TASK: Please write out only the lines from the line with "Kitchen, London." to the line with "4 Fold Brochure", inclusive, exactly as they stand below, without the pictures.

RECORDS FOR THE TASK:
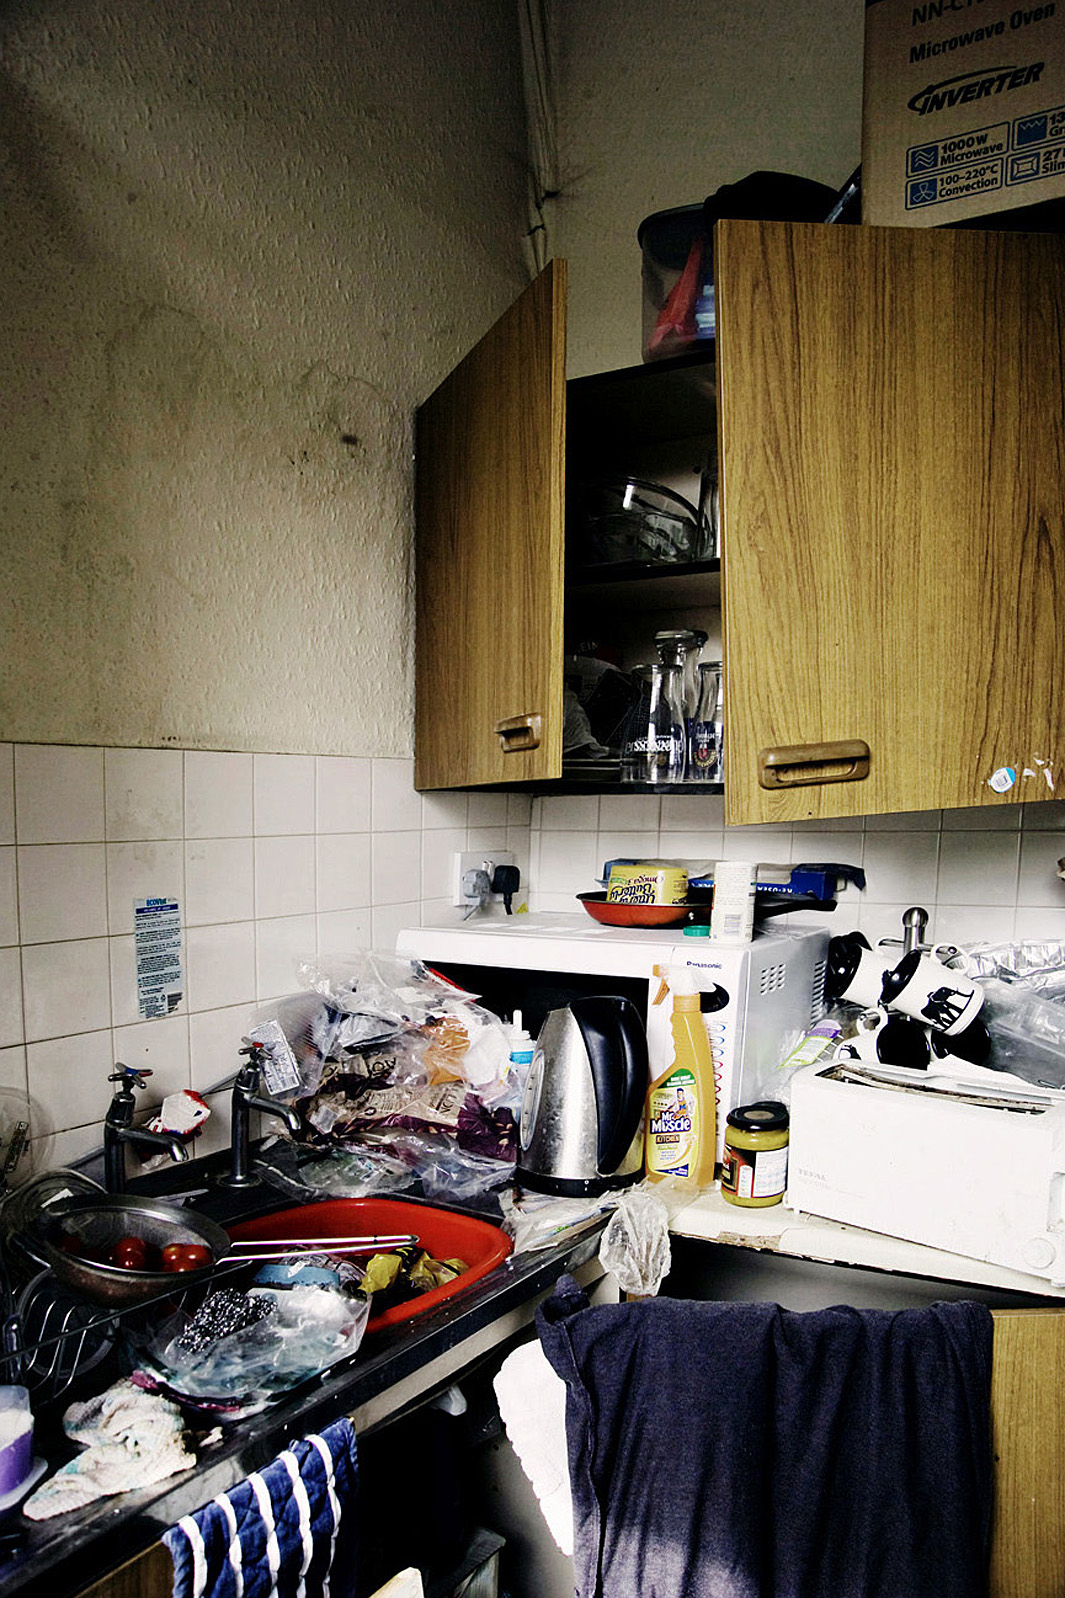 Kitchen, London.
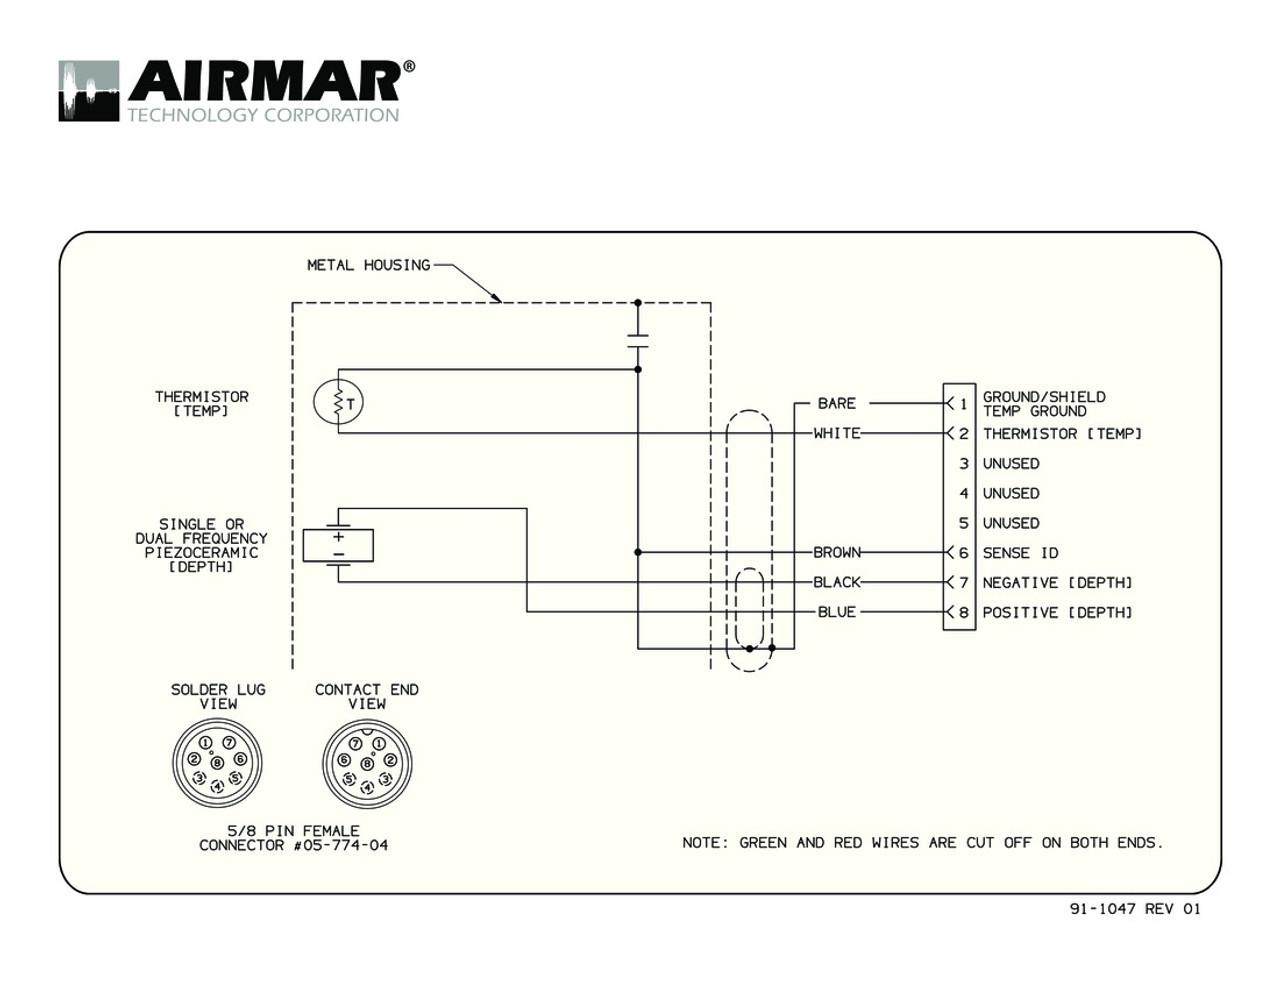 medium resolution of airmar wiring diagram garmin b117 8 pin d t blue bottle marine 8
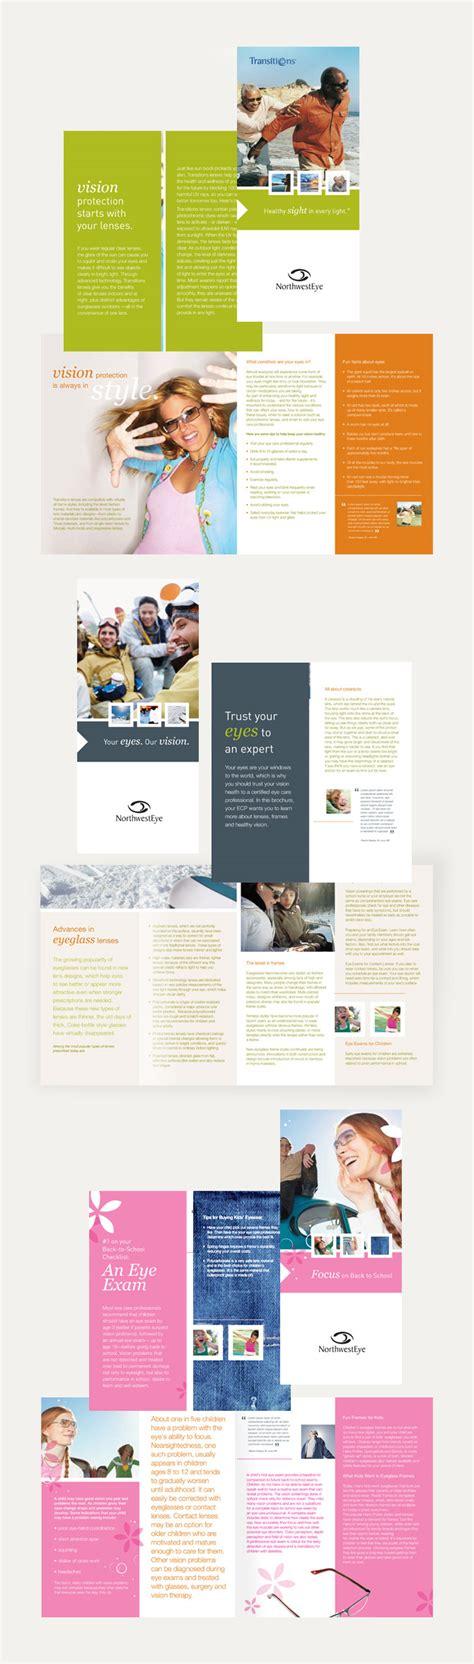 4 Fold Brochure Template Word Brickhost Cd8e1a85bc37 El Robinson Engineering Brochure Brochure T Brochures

==

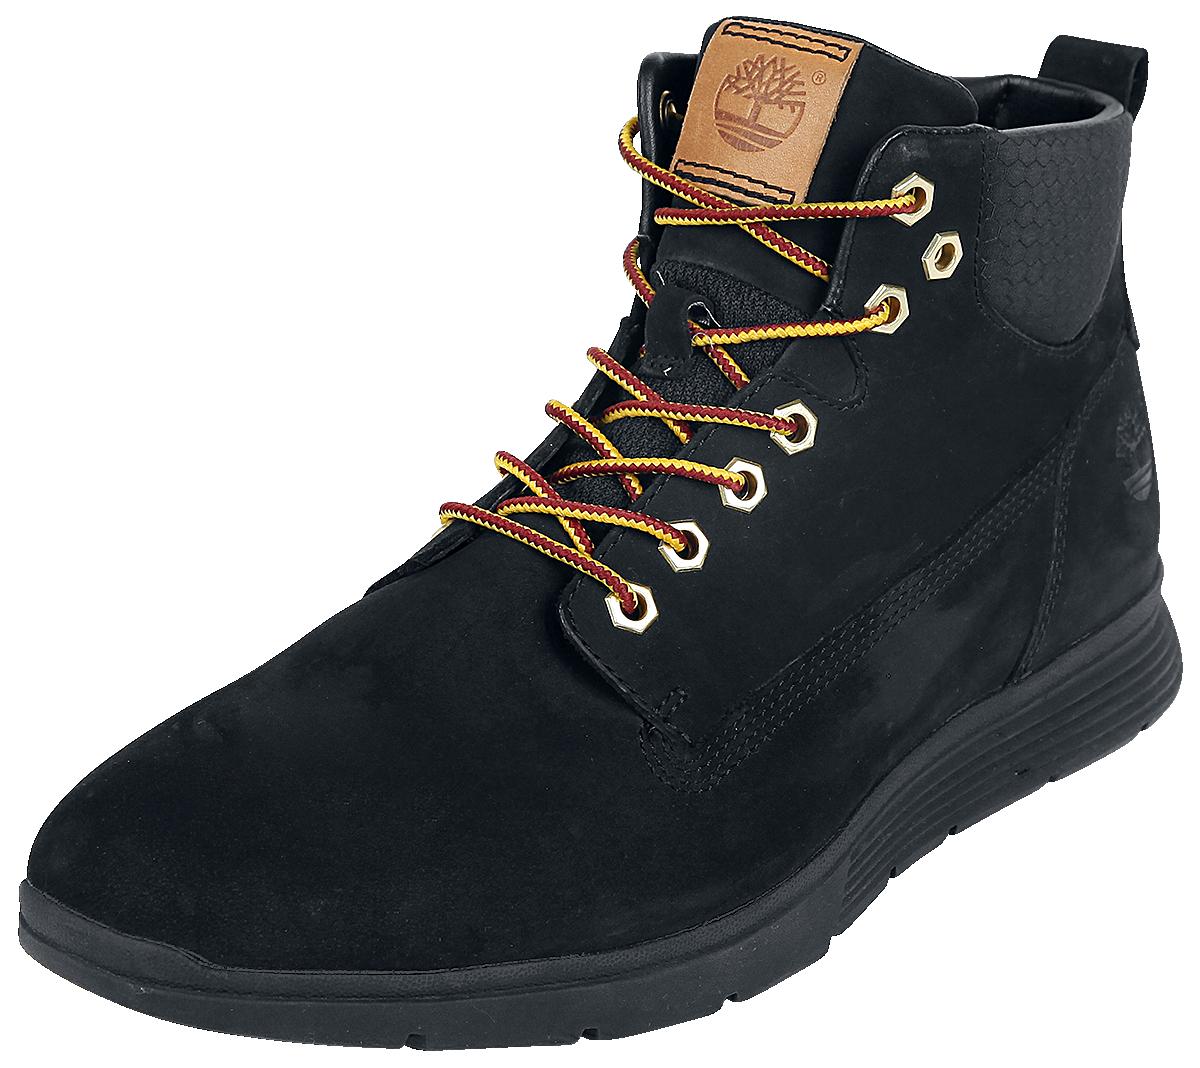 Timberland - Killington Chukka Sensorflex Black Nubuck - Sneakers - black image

...

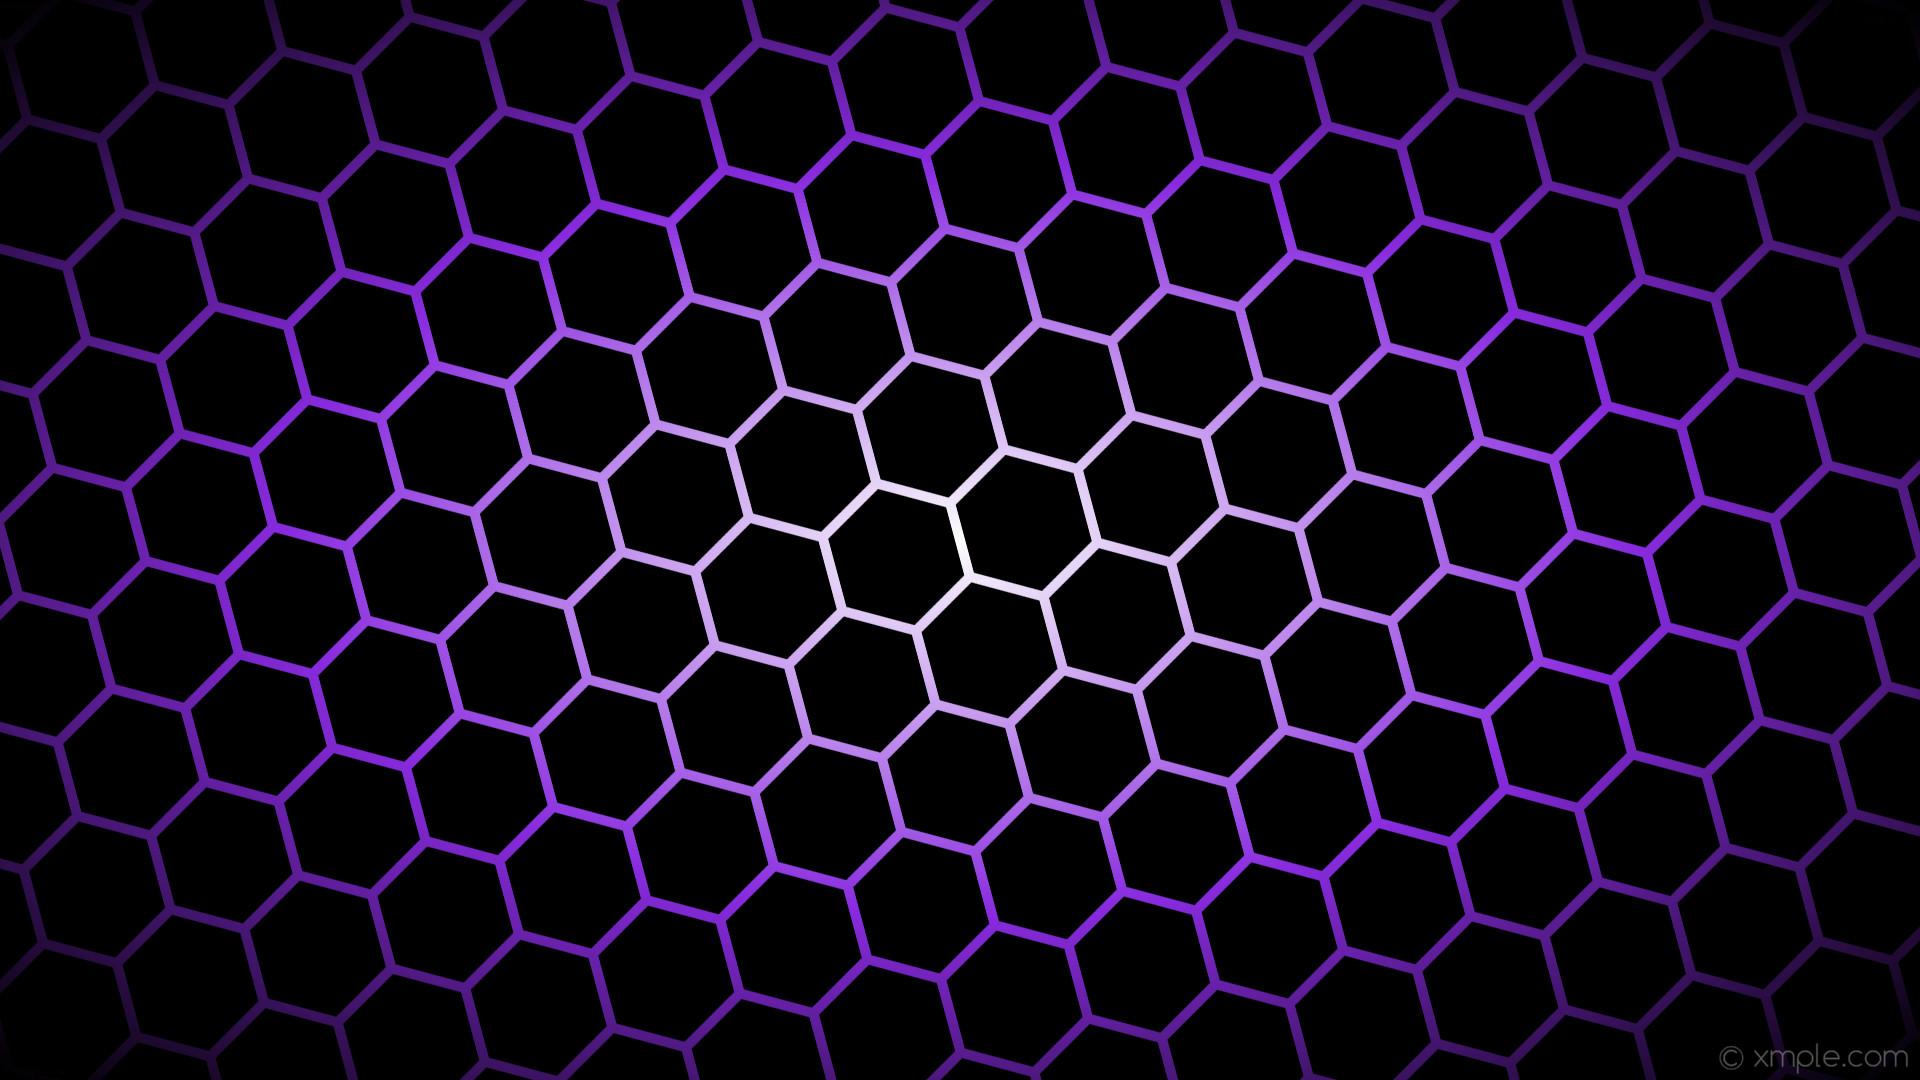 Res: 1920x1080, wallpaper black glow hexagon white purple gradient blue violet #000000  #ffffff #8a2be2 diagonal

ANSWER TO THIS EXERCISE:
 Kitchen, London.
 medium resolution of airmar wiring diagram garmin b117 8 pin d t blue bottle marine 8
 4 Fold Brochure Template Word Brickhost Cd8e1a85bc37 El Robinson Engineering Brochure Brochure T Brochures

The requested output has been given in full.